Frontline Imbruvica Plus Venclexta May Restore Immune Profiles in CLL

Firstline treatment with Imbruvica (ibrutinib) plus Venclexta (venetoclax) may restore normal blood immune composition in patients with chronic lymphocytic leukemia (CLL), as demonstrated in recent study findings.

The blood immune composition refers to the body’s ability to protect itself from infections and illnesses with red blood cells, white blood cells and platelets.

“Our findings suggest that (Imbruvica) plus (Venclexta) treatment restores a healthier immune profile in patients with CLL, with a totality of data demonstrating eradication of CLL cells, recovery of normal B cells and normalization of critical immune cells, including T-cell subsets, classical monocytes and (dendritic cell) counts,” the study authors wrote.

As it has not been previously studied, researchers aimed to assess the impact of firstline Imbruvica plus Venclexta on immune cells in patients with CLL. In this study, researchers analyzed data from 79 patients (median age, 59 years; 61% men) with CLL who were treated with three cycles of Imbruvica followed by 13 cycles of Imbruvica plus Venclexta.

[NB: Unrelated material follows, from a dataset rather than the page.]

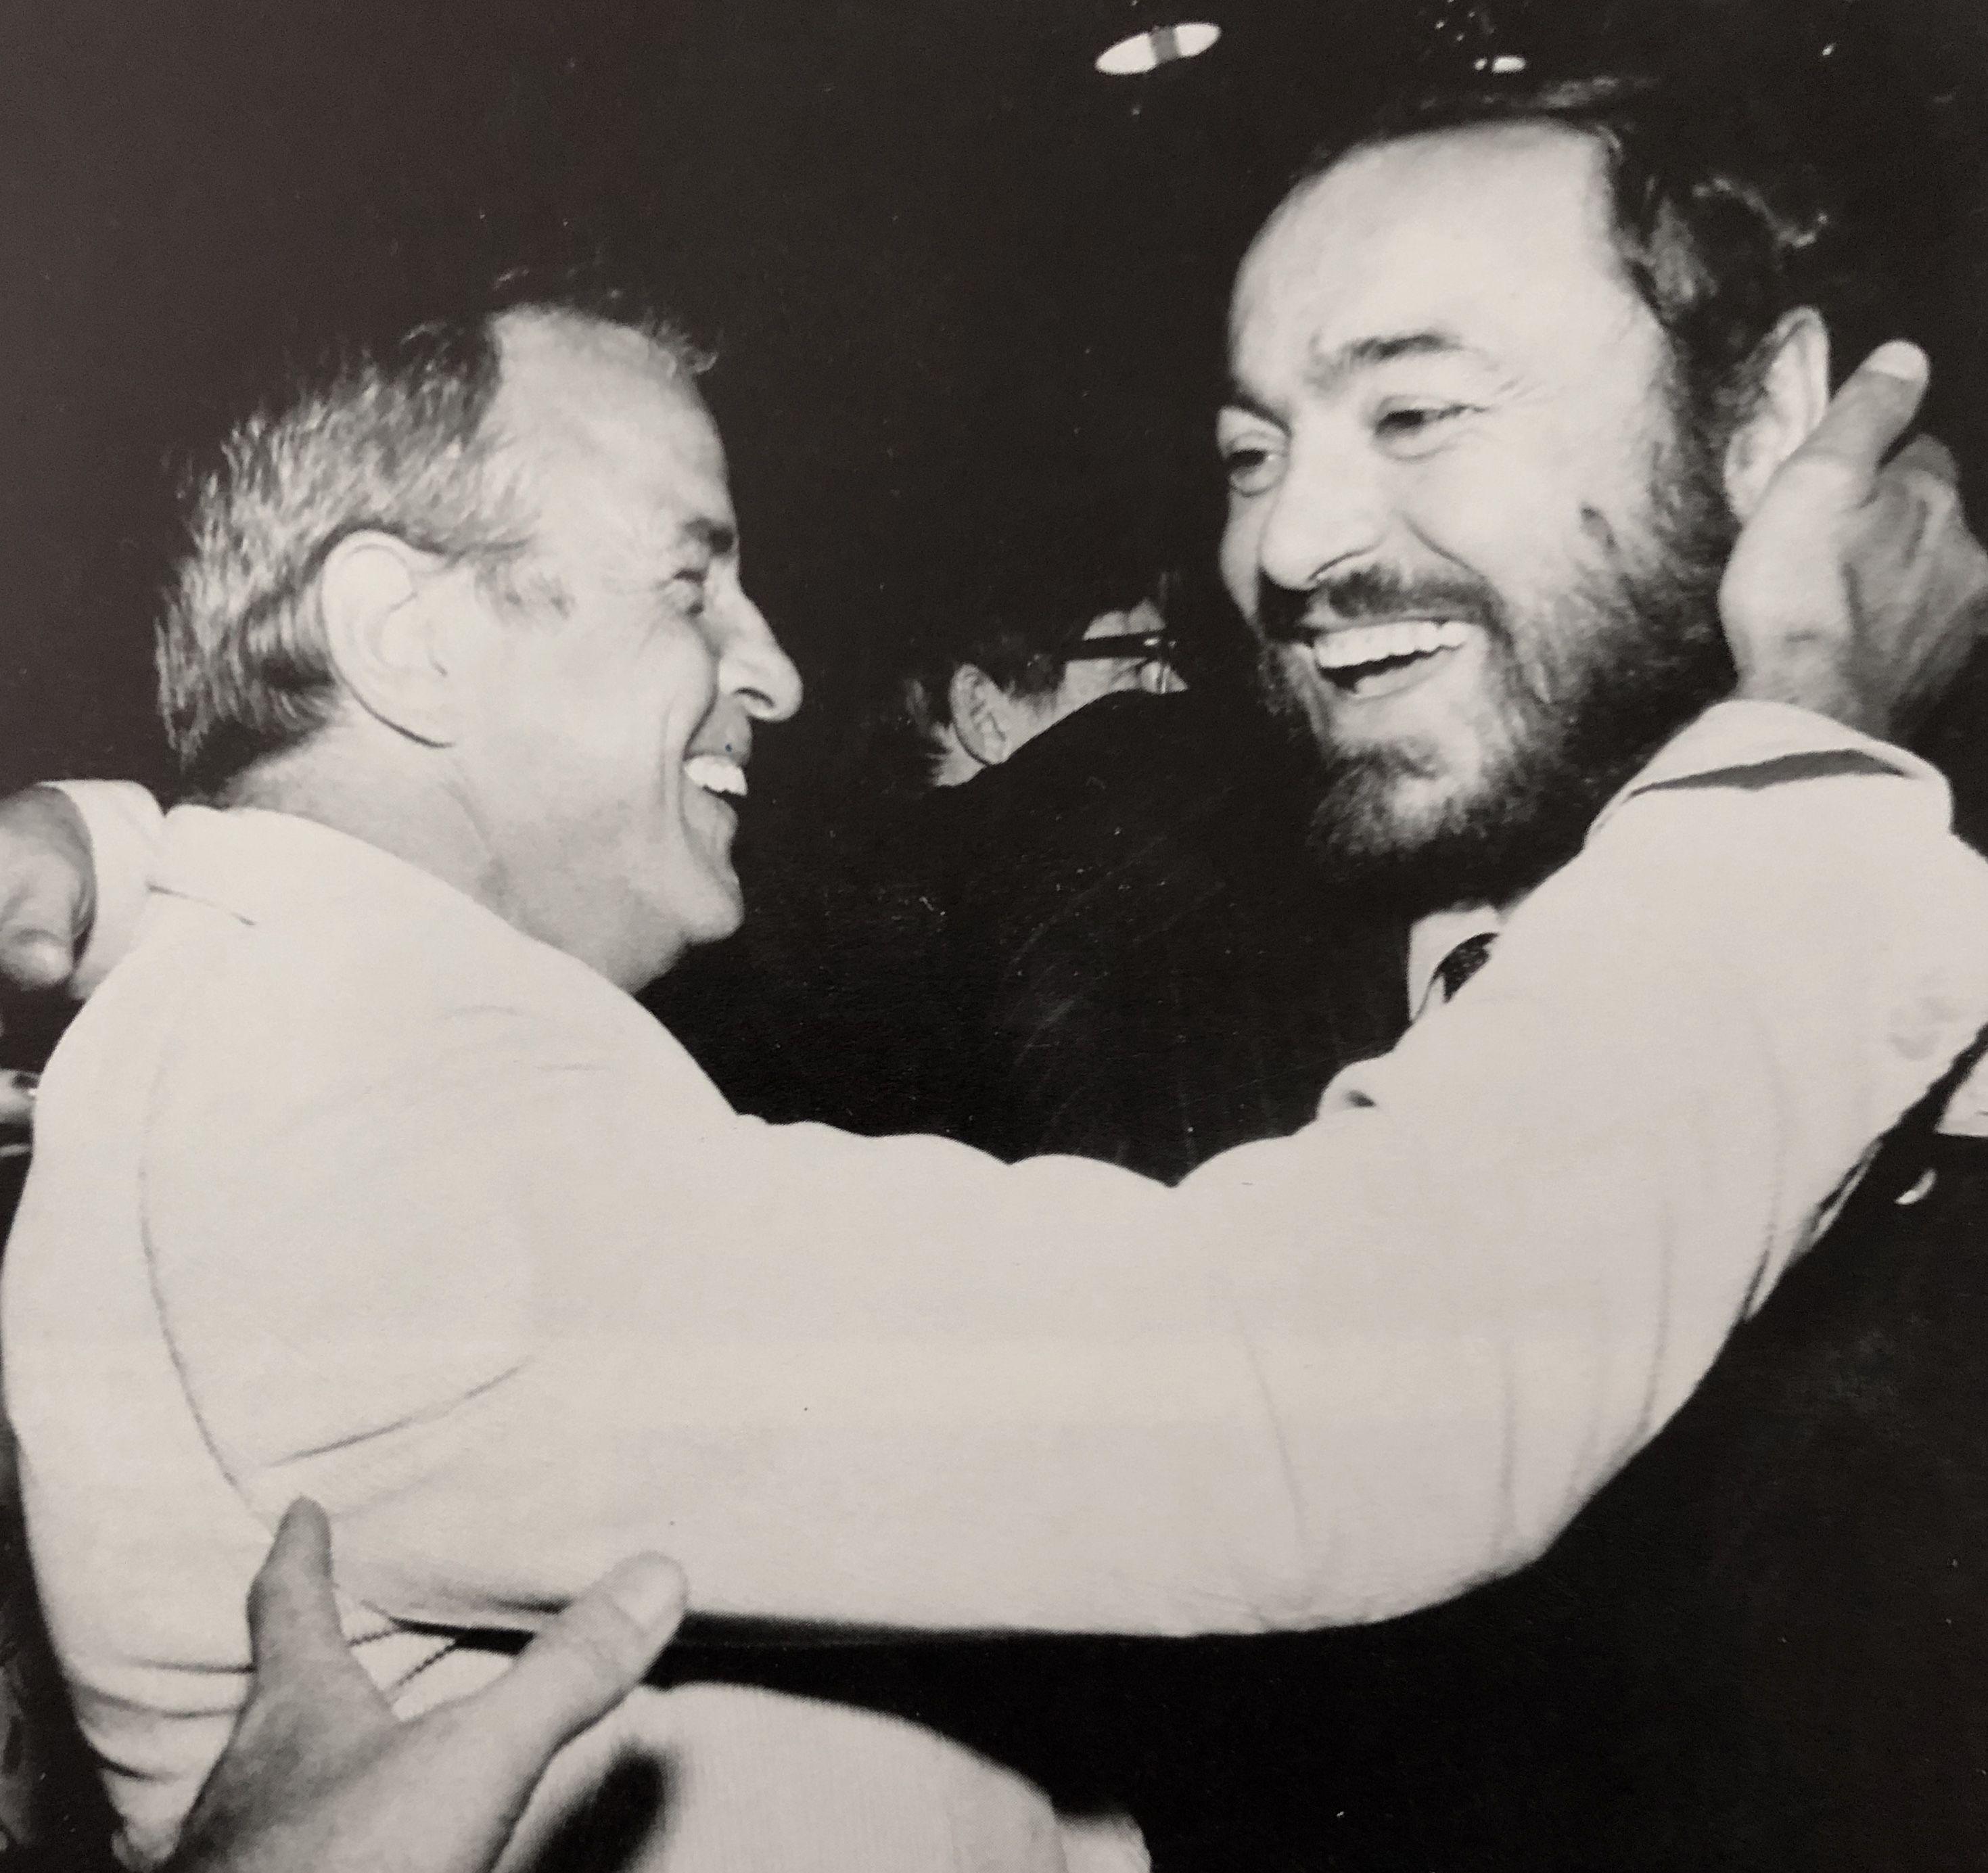 Luciano Pavarotti And Franco Zeffirelli Learn Music Nostalgia Opera

Data from these patients were obtained as part of the minimal residual disease (MRD) cohort from the CAPITVATE trial. In particular, patients with confirmed undetectable MRD (or the absence of a very small number of cancer cells in the body after treatment) were randomly assigned to receive placebo (20 patients) or Imbruvica (20 patients). For patients who did not have confirmed MRD, they were assigned either Imbruvica alone (20 patients) or with Venclexta (19 patients).

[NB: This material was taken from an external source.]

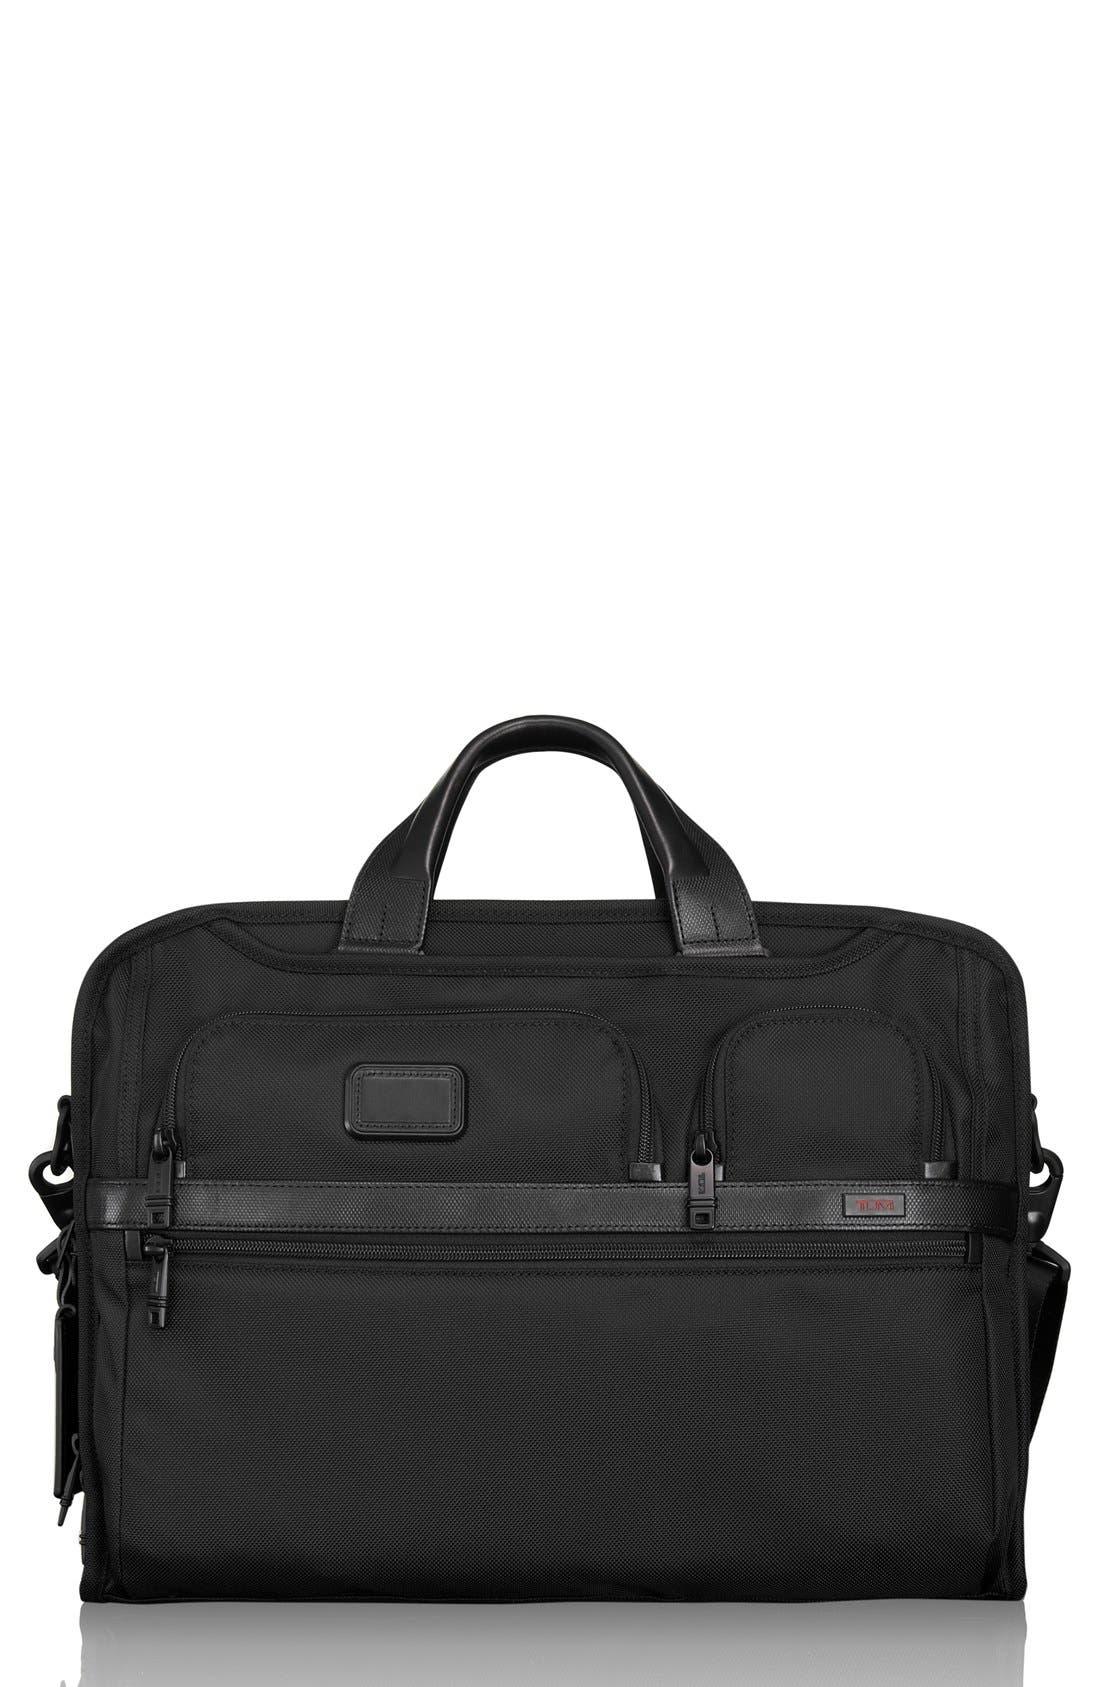 Alternate Image 1 Selected - Tumi 'Alpha 2' Laptop Briefcase with Tumi ID Lock Pocket

Researchers compared immune cell subsets in samples that were collected at several time points throughout the study with those from healthy donors matched by age.

CLL cells decreased within approximately three cycles after initiating Venclexta. From cycle 16 on, these levels were similar to healthy donor levels in patients with confirmed undetectable MRD. CLL cell levels were slightly above healthy donor levels in patients without confirmed undetectable MRD.

By four months after cycle 16, normal B cells — which play an important role in identifying viruses and creating antibodies, for example — recovered to the levels seen in healthy donors in patients randomly assigned to placebo.

Within six months, abnormal counts of classical monocytes (immune cells created in bone marrow), dendritic cells (immune cells found in tissues like skin that boosts immune responses) and T cells (a type of white blood cell that protects the body from infection) had recovered to levels seen in healthy donors regardless of the treatment patients with CLL received.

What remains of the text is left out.